The Statistics window varies depending upon the data type of the column selected (e.g. text, number) and the field’s contents. For example, in a numeric field, you may see something like the following instead:
Here, unlike a text field, Min and Max mean something, but there is no longer an ‘Empty string’ item. You should note also the scroll bar, highlighting ‘Standard deviation’ is off screen. Unless you change the screen resolution, it does not appear you can presently change the size of this Statistics dialog.
Regarding the ‘Value distribution’ dialog, you can get bar charts…
…and column charts:
The logic eludes me presently, but it is worrying that for bar charts you may not see all records displayed (only 11 of the 13 are shown in the example above). With no options to revise images currently, do bear this is mind when viewing such graphics.
This again reports above the field data:
If the ‘Column distribution’ is checked as well, the graphic will appear below the statistics, viz.
The Data is separated into three elements:
- Error: as explained above, this is any record that results in Error
- Empty: this is a blank or null record
- Valid: this is everything else (both figuratively and literally!). All specified error types (see above), i.e. those not classified as Error, will be included in Valid.
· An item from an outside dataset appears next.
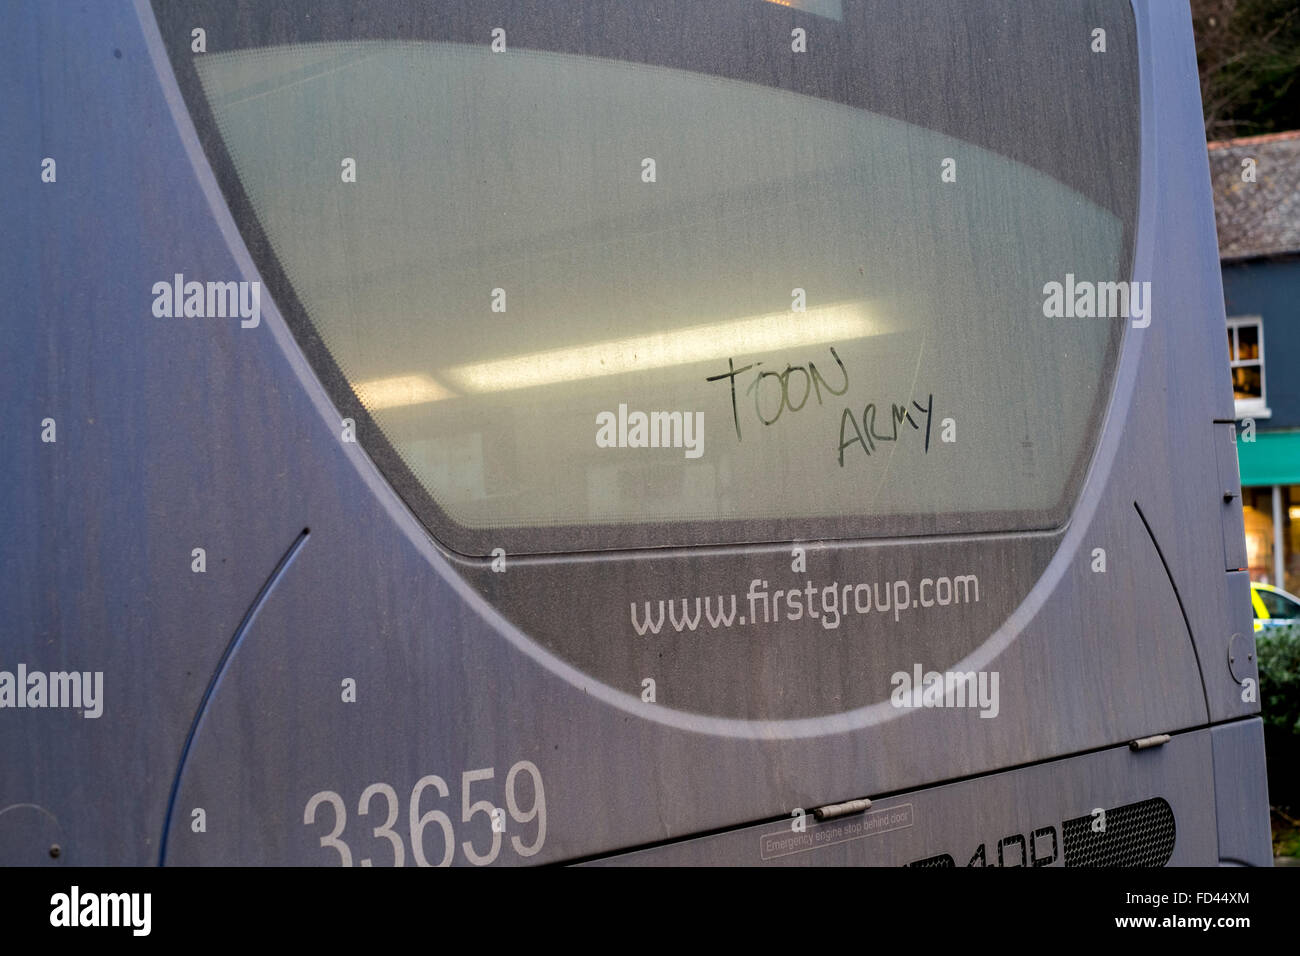 Toon Army, el apodo del Newcastle United FC, escrito en la parte trasera de la ventanilla de un autobús en Falmouth, Cornwall. Foto de stock

It is quite a basic analysis, but it is better than what we had previously (i.e. nothing).
Word to the Wise
There is a classic “gotcha” in here too… The data profiling is only performed on the first 1,000 records by default. If you have more than this ensure you select the entire data set. To do this, you have to LEFT-click at the foot of the Power Query Editor and select ‘Column profiling based on entire data set’ instead (pictured):
Finally, as I have explained these new views, I may have come across as a little negative. This is not my intention. The features are brand new, and you should be aware of the issues we discovered. You may find plenty of your own too. This is often the case with new features and functions. Microsoft will fix them as they are reported, so don’t let this put you off trying out these new views – assuming you can access them.